Control theory deals with dynamic systems that respond to external inputs with specific output signals. Concepts common in control theory, from dynamics, feedback to signal processing, found their way into biology, especially in systems biology, where the need to capture systems-level knowledge requires us to conceptualize and organize large amount of quantitative biological interactions. Consequently, control theoretical tools have been successfully used to analyze biochemical reaction networks and genetic regulatory networks. Many dynamic properties of complex biological systems can be learned from the structure of the underlying networks. We will combine tools from control theory and network science to address a series of questions related to complex biological systems, from systems identification to optimal control.
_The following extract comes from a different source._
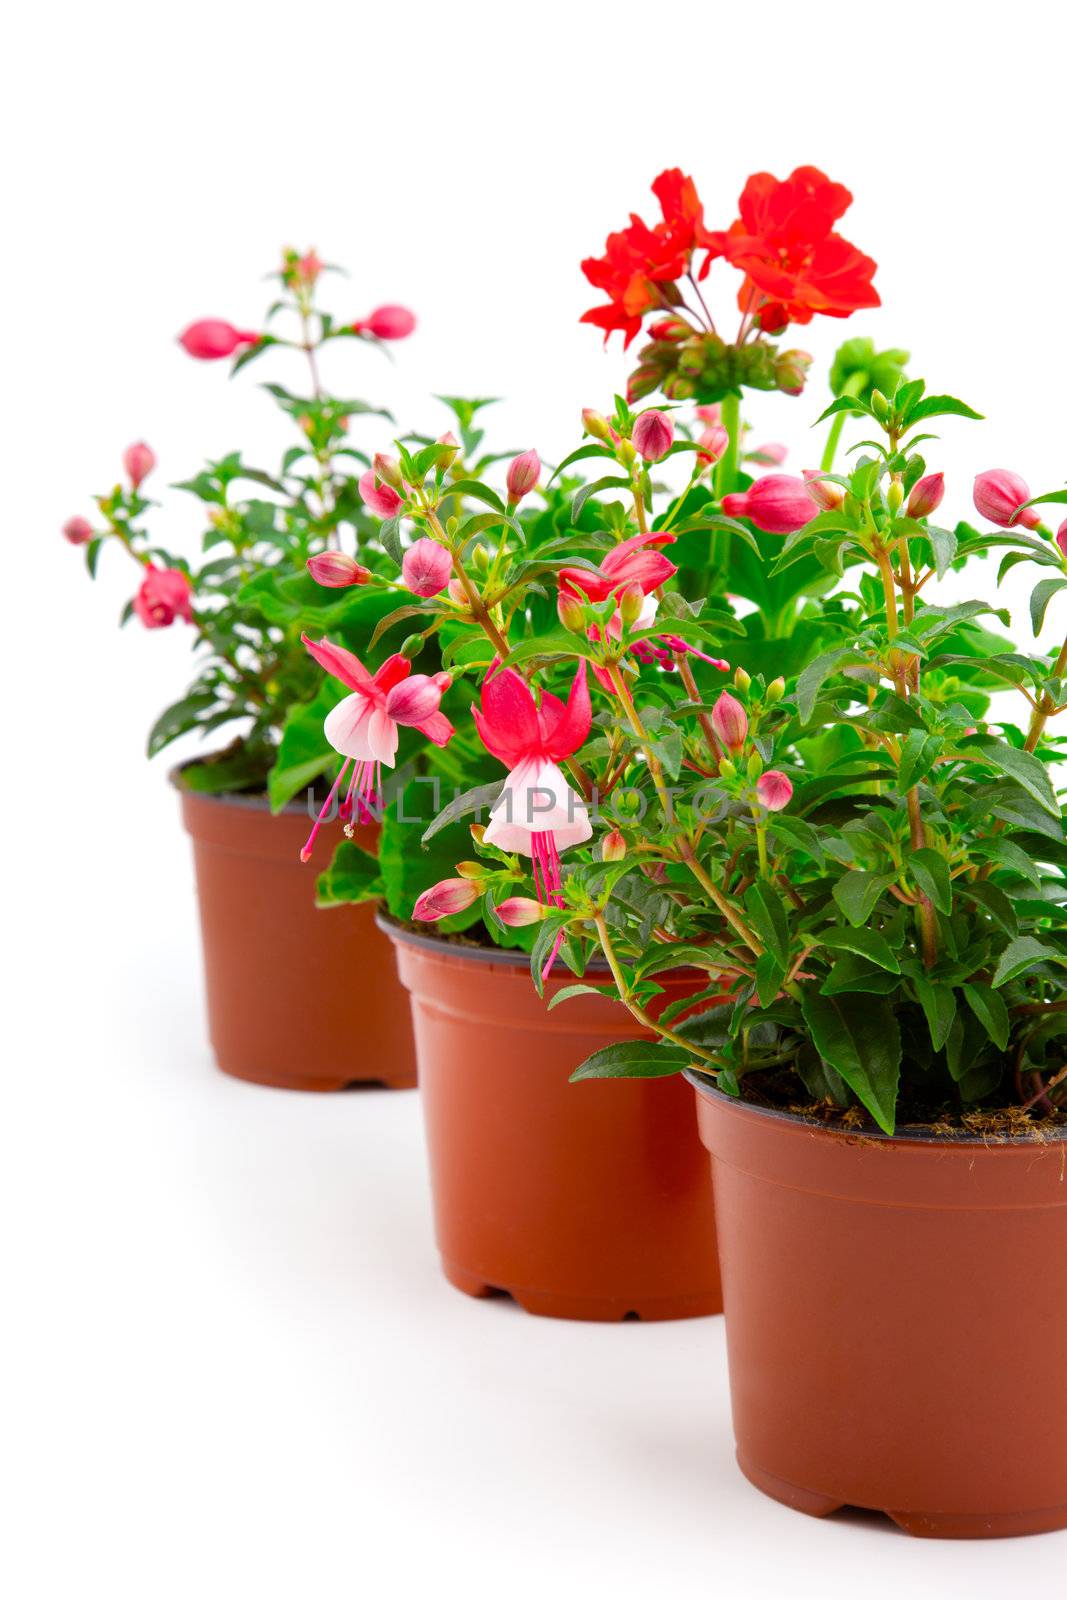 blooming fuchsia and geranium in the pot, isolated on a white background

Combinatorial Optimization and Statistical Physics Approach:

By uncovering the molecular pathways through which multiple genetic factors jointly affect a disease phenotype, network based approaches emerged as powerful tools for studying complex diseases. These approaches are often built on the knowledge of physical or functional interactions between molecules that are typically represented as an interaction network or interactome. Identifying the disease associated modules or pathways can often be formalized as combinatorial optimization problems on the interaction network, e.g., the set cover, maximum-weighted connected subgraph, prize-collecting Steiner tree problems. We will develop new formalizations of the disease module detection problem and use tools from statistical physics to guide the algorithmic development.